As Billie once said, “There is no amount of money I would take for this job.”
But there are, of course, other things.
I liked it when Joann, who is not a Southerner like me but from rural Wisconsin, agreed with me one day in the kitchen that she didn’t care for mountains because “you might fall off.” I had always thought I was crazy to think that and mostly kept it to myself.
It’s one reason I like living in Florida.
Elizabeth once said, in a conversation about our constant space problem, “You can always fit in one more book.”
And you can, if you’re clever.
We are all constant recyclers.
For most people, this was a habit long before it became fashionable. Boxes that contained donations are broken down and used to soak up the water that flows down the ramp into the Bookhouse during a heavy rain.
If I have sweets in the house that are tempting my constantly dieting husband, I take them to the Bookhouse.
People have no problem with a partially eaten peach cobbler, red velvet cake or the like.
Sue loves dogs. She calls her two “the kids.” She asks me about my new former stray (“How’s the girl?”) and shows me pictures of her dogs over the ages. She’ll take in dogs nobody else wants.
There are several husband-and-wife teams. They may work together or, in the case of Bob, become a regular volunteer after Joann, his wife, passed away.
I became friendly with one of the husband-and-wife teams, Johnny and Mary, after I realized they reminded me of my relatives.
One winter, Johnny brought in carton after carton of grapefruits because he and Mary and their kids and grandkids and neighbors couldn’t eat them all. The problem had started when he threatened a nonproducing tree with a chainsaw the summer before.
And then there are the treasures.
Everybody has a story: the Civil War-era newspaper found behind the frame of a donated painting; the money found inside books (the record is $870); the prized videotape, tied down in a copyright dispute, unavailable on DVD and hard to find; or the out-of-print children’s book.

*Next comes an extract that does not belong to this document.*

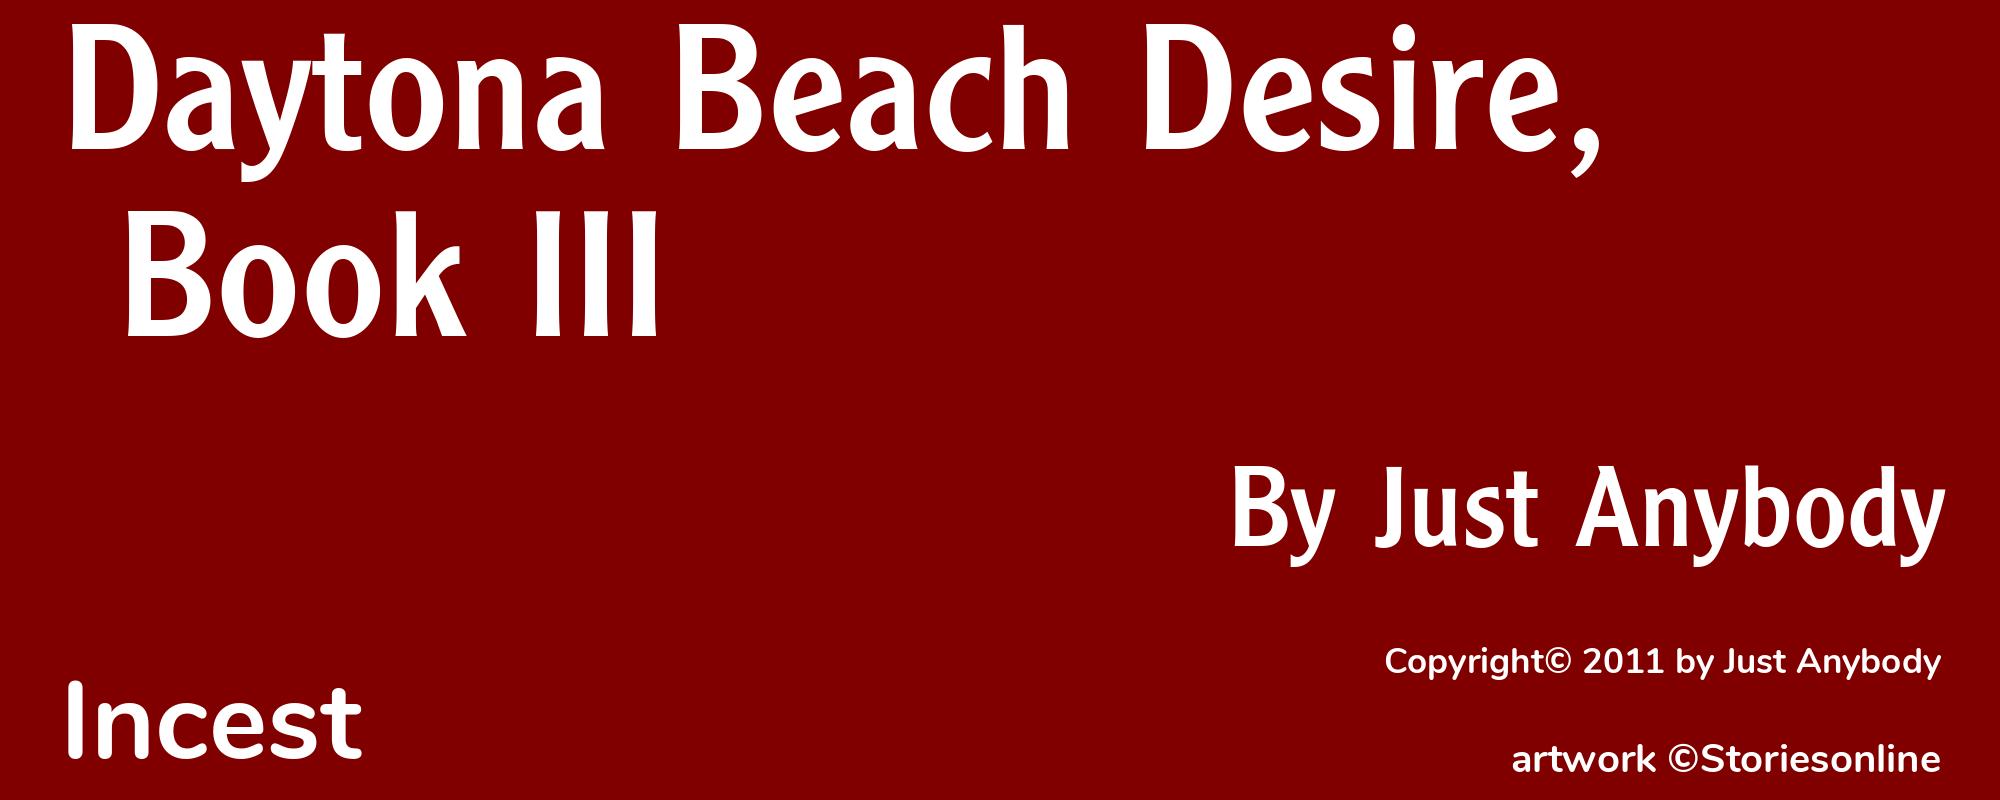 Daytona Beach Desire, Book III - Cover

Sometimes the things that are given to us by mistake can be traced back to the owner and returned, but not always.
My own favorite moment was when Jim pulled a letter out of a book and discovered it was written by Lindbergh.
That would be THE Lindbergh.
Jim was awestruck, and everyone working nearby ran over to see what it was and to hold it. It was typed on that vellum-type paper you would use if you were doing the sets for an old movie, and there at the bottom was the signature.
Twice every year, one of my favorite moments is just before the sale begins at 9 a.m. on Saturday.
The shelves are artfully arranged, the aisles are clear, the smell of old books fills the air, volunteers pace with anticipation, the line outside is buzzing. A half hour later, it is complete pandemonium but exciting nevertheless.
The fall sale starts on Oct. 27 and lasts five days, ending this year on Halloween. It will be one of the most rewarding things you do this semester, I guarantee it.